When the shot came its blast sent a black cloud of Egyptian vultures spiralling skyward but Axl was too busy dropping sideways from his spooked mare and rolling behind the nearest boulder to notice. And it took him until his ears stopped ringing to realise he hadn’t been injured.
‘Fucking terrific,’ said a voice behind him and a silver monkey crashed into the dirt, a jagged hole torn in one wing. ‘Can’t leave you alone for a minute.’
As Axl watched the hole mended itself, closing up from the edges like liquid mercury coming together. It didn’t take a genius to know that the Colt was back on line, sort of ...
‘You trying to get yourself shot, eh?’ Rinpoche demanded. ‘And what were you going to do if I didn’t turn up? Frighten him to death with your fucking face?’
The monkey paused, took a look at the black cavity where Axl’s missing eye had been and twisted its lips into a rueful grin, thin lips sliding back to show gold canines. ‘Been picking fights you can’t win?’

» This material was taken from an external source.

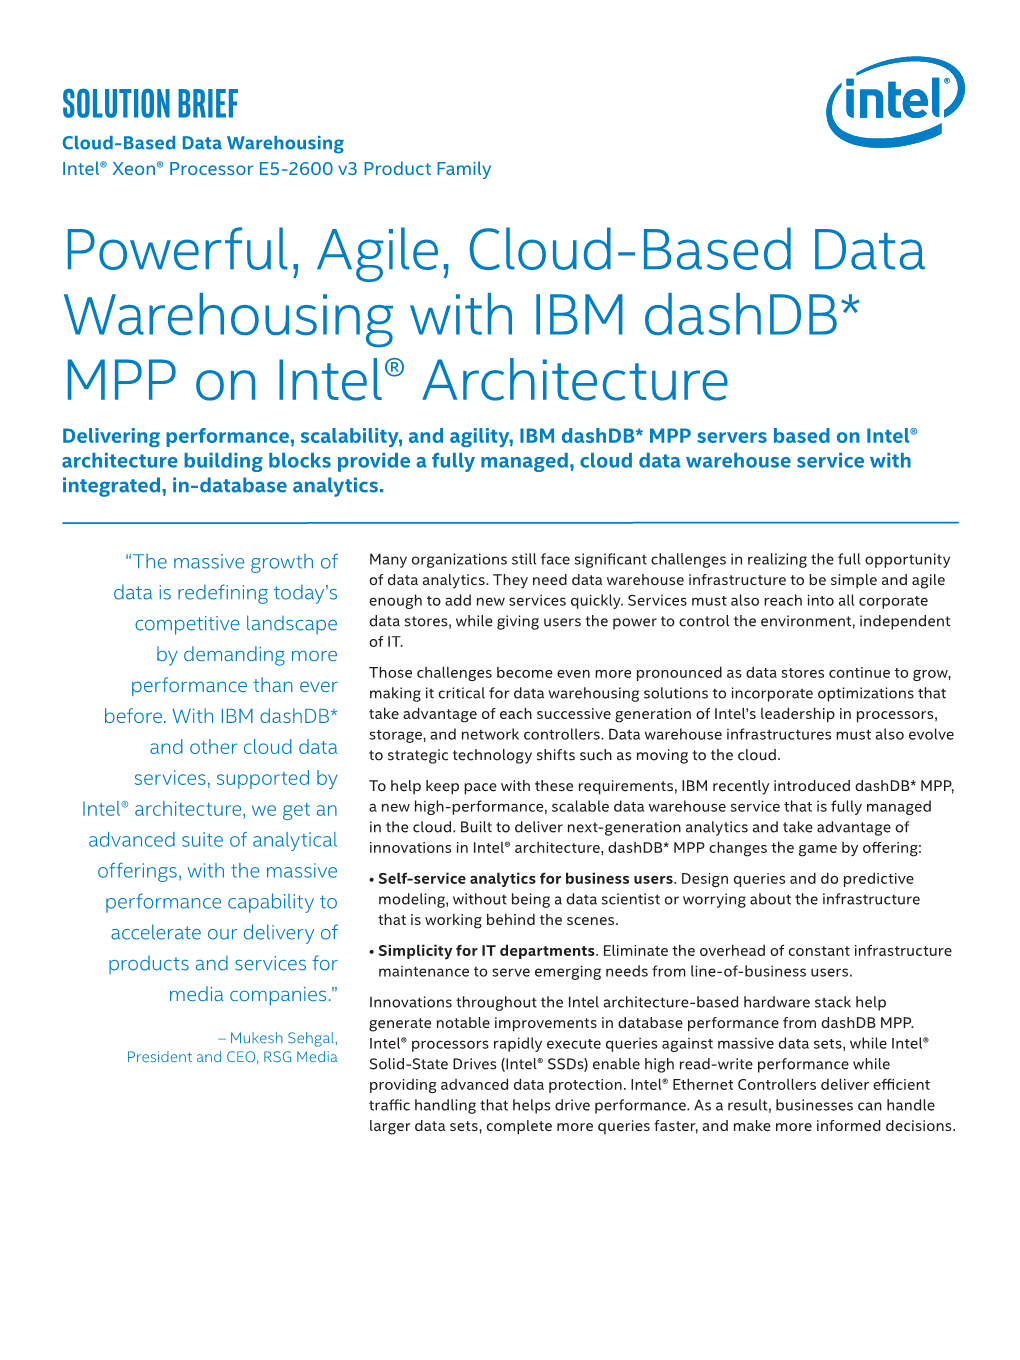 Cloud-Based Data Warehousing with IBM Dashdb* MPP and Intel

Yeah, thought Axl, mostly with life, but he didn’t admit that to the monkey. Instead he gazed pointedly at the raw skid mark its landing had carved into the plateau grass.

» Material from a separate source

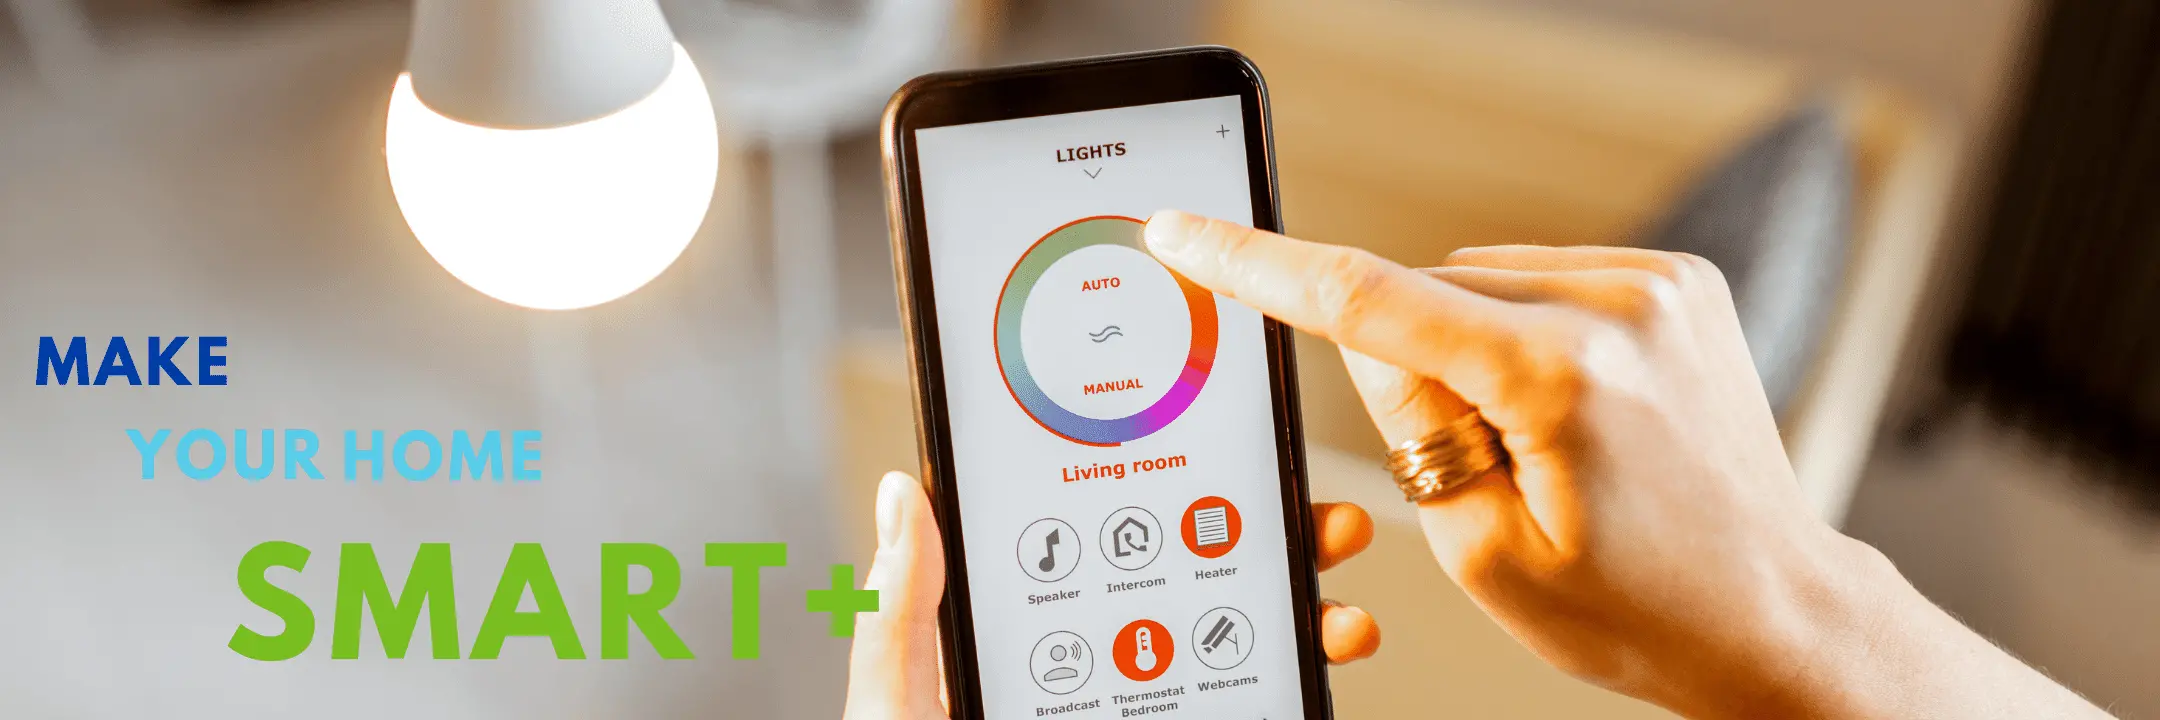 Make you home smart + led smart bulb

‘Fucking air density’s fucked,’ the monkey said furiously, tripping over one of its own wings as it stood up. ‘You any idea how badly this check-the-real-altitude, then add-ten-thousand-feet-to-get-virtual-altitude shit fucks up basic aerodynamics?’
Axl shook his head.
‘Didn’t think so,’ said Rinpoche. ‘It’s a fucking miracle anyone can get a sodding helicopter to move in these conditions ...' The monkey looked over at the terrified boy. ‘What’s with Mowgli?’
‘He’s scared.’
‘He should try dropping through the upper atmosphere of this place. Wind like a cosmic fart. Not to mention more fucking hardware up there than there are HondaGlydes on the Beltway…’
‘Security?’
‘Plus CySat, C3N, TimeWarner. Simple peasants fanning the homestead, brave hunters, furry little bears scooping fish from crystal streams. This place is a fucking goldmine ...' The silver monkey turned its attention to wings which spread across the ground behind it.
‘Lose those for a start,’ Rinpoche said crossly and both immediately shrank, thickening as they did. ‘The wings are a given,’ it told Axl with a sigh, ‘coded into the animus, but there are style choices.’ The monkey shut its eyes, which looked horribly like real rubies, and ran some permutations. Gold scales, bronze feathers so perfect they looked real, wings of transparent glass, the monkey rejected them all without even opening its eyes.
‘Small,’ Axl told it, ‘something basic…’
‘Basic!’ Rinpoche glared at Axl and did a quick pirouette on the damp grass, showing off jewels that ran like exposed vertebrae down its spine. ‘Does this look fucking basic?’ All the same it let its wings stabilise to two bat-like sails that opened and closed around hollow silver spars. The downy skin between the thin spars was niello black.